Our investigation revealed a 20% “matrix effect with fluids” was communicated by ICPMS core facility person to the first author that was not addressed in the manuscript.
All data is different when calculating % degradation, not just by a factor of 10 due to not calculating for the 100 ml sample volume.
Raw data during our investigation after publication, obtained from ICPMS facility, and not noted in the lab notebook, for day 28 of simulated lysosomal fluid (SLF) reveals n = 1 and no data points for Stober100. In the manuscript however, error bars are shown for all particles at this time point and for the data for Stober100.
Intracellular Degradation (Fig. 5)
Extremely high background with control causing negative % degradation for Disulfide Meso 100 from retrieved ICPMS data from core facility after publication, but manuscript shows ~1.25% degradation.
All other calculated % degradation based on retrieved data from ICPMS facility during the investigation after publication, do not match reported data in the paper.

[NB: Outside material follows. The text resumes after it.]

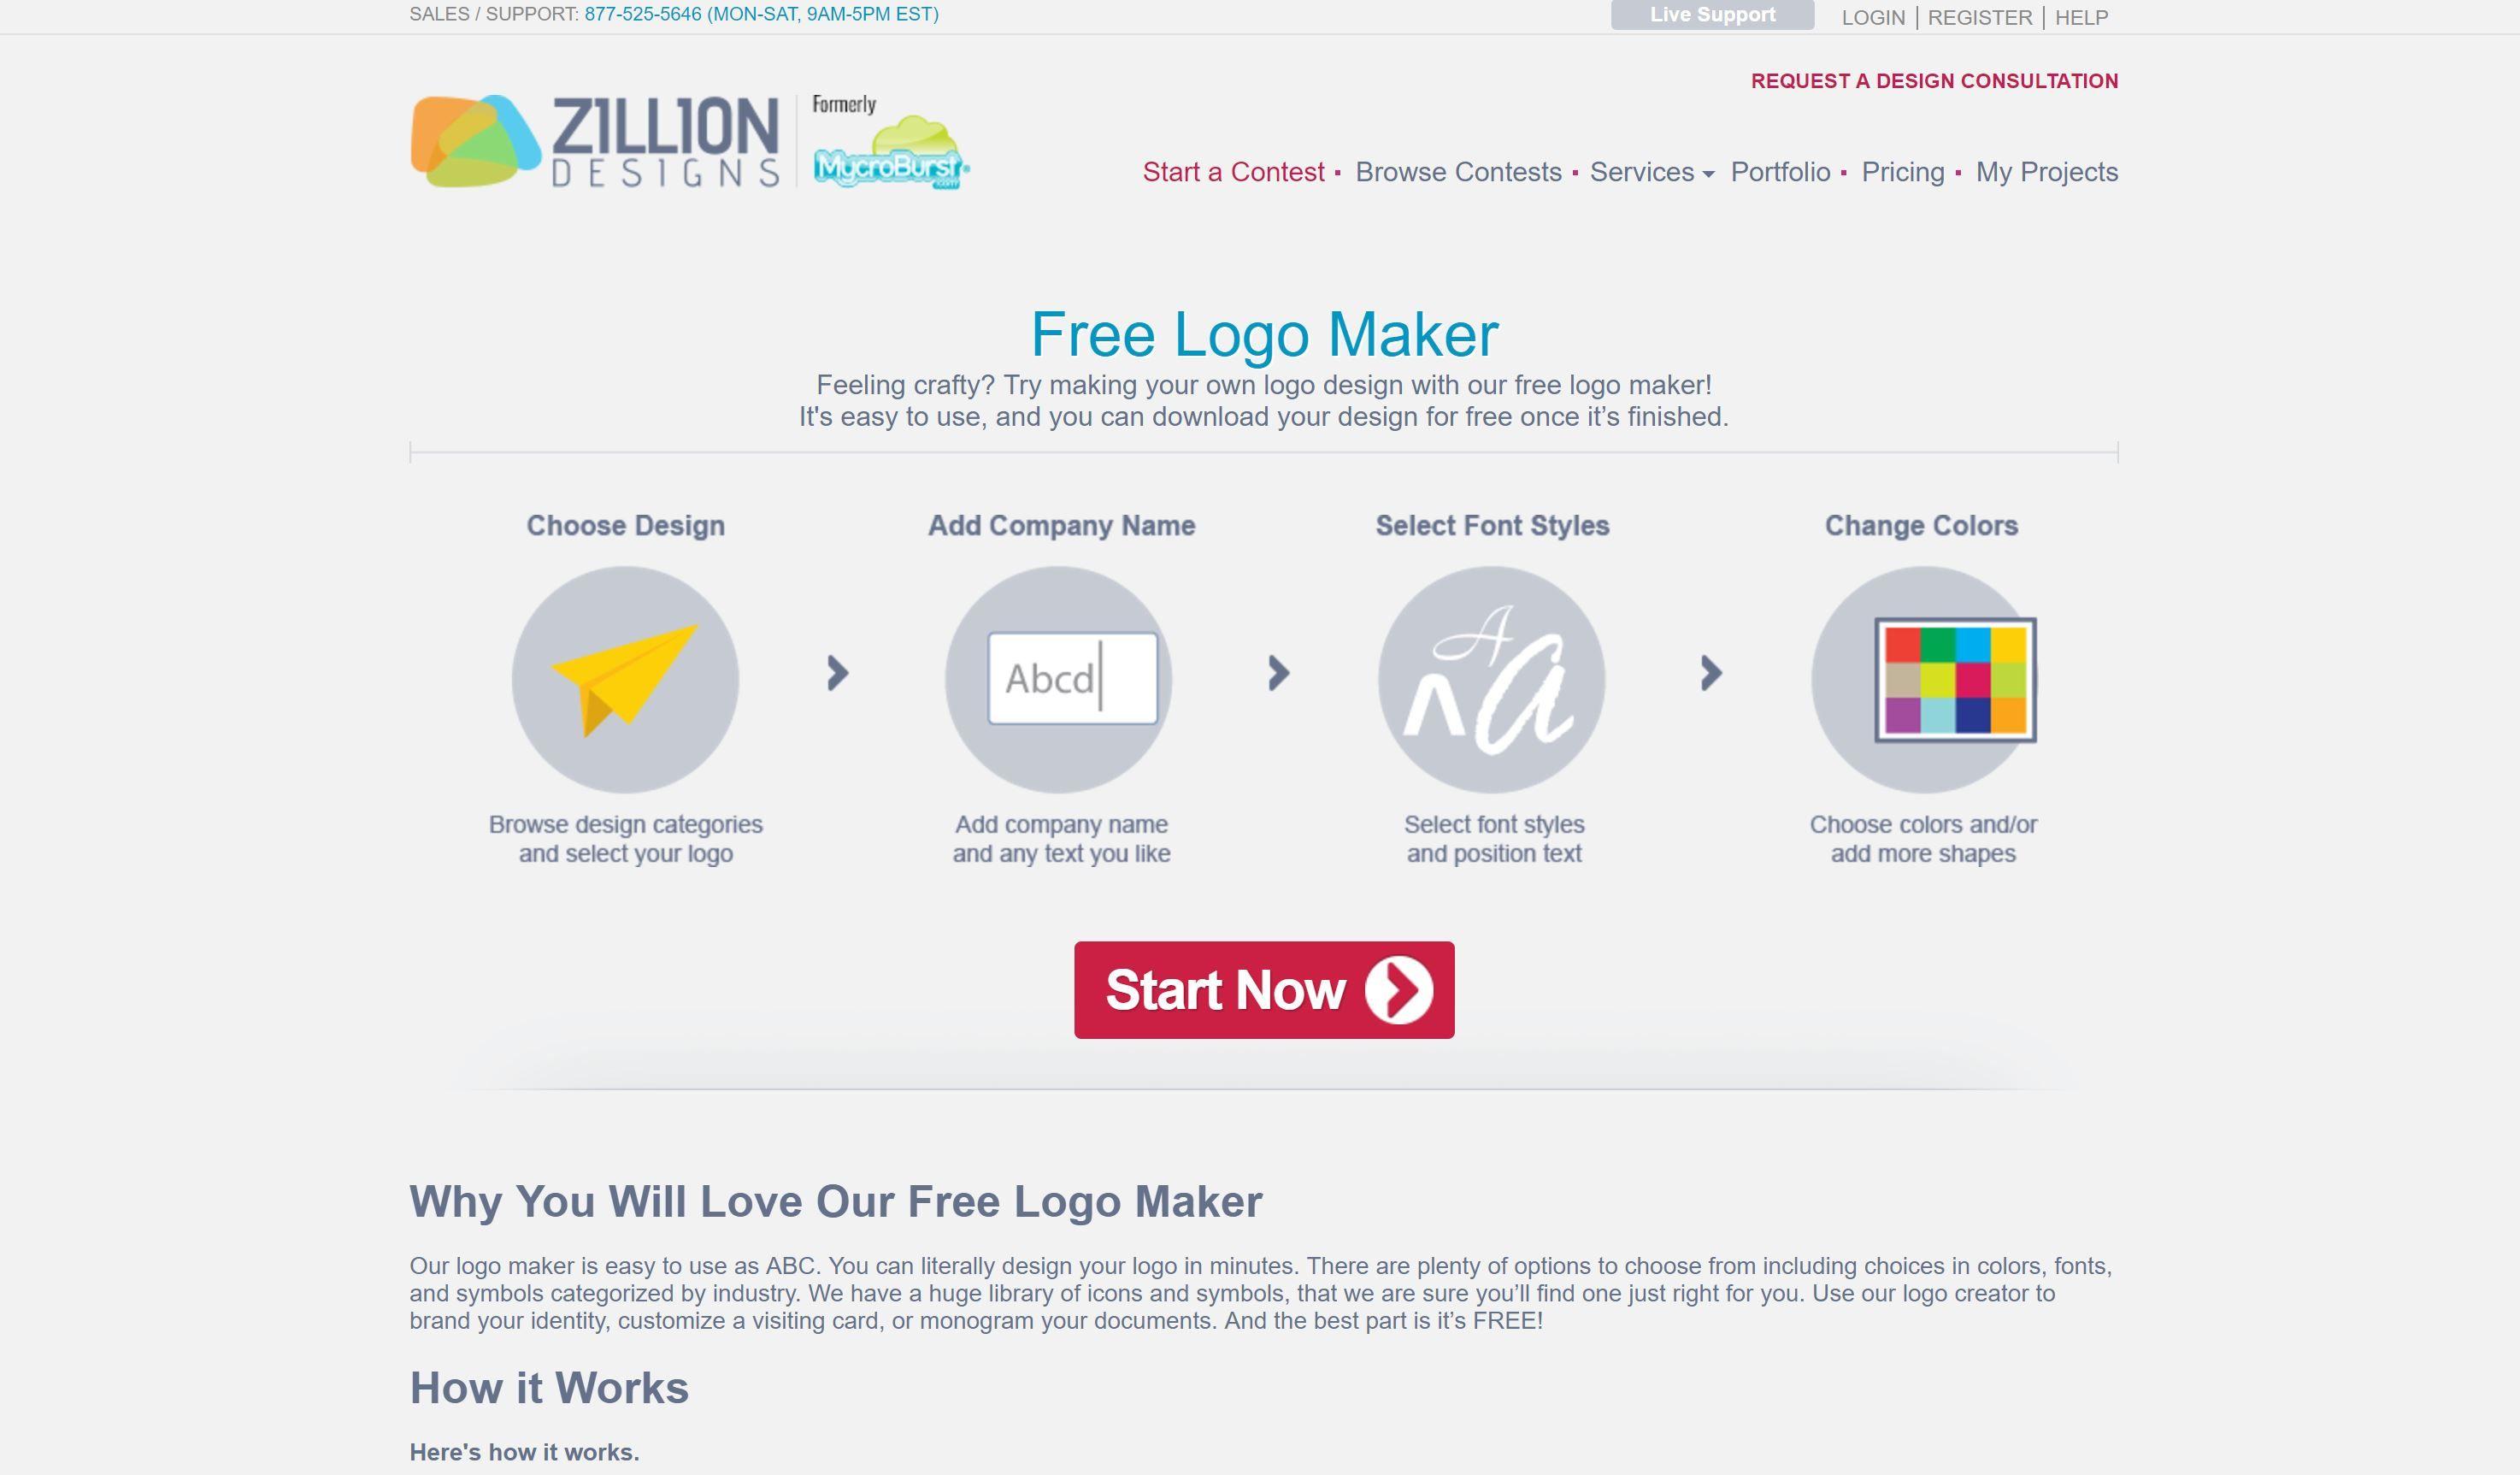 Cool Fake Company Logo - 15 Best FREE Online Logo Makers & Generators - WebsiteSetup.org

Paper claims n = 6, but raw data received from ICPMS facility during investigation (after publication) is clearly n = 3.
In Vivo Degradation (Fig. 6)
ICPMS data retrieved during the investigation after publication for control mice showed extremely high background, and probably were not used in the calculations reported in this manuscript because it would have led to negative silicon contents for a few samples.
Urine ICPMS data from the core facility was not available during investigation after publication, and cannot be retrieved from the first author’s lab notebook. Hence its validity cannot be ascertained.
There may be other discrepancies in the manuscript that have gone unnoticed. However, the Editor-in-Chief agrees that the above is significant enough to warrant retraction of the manuscript.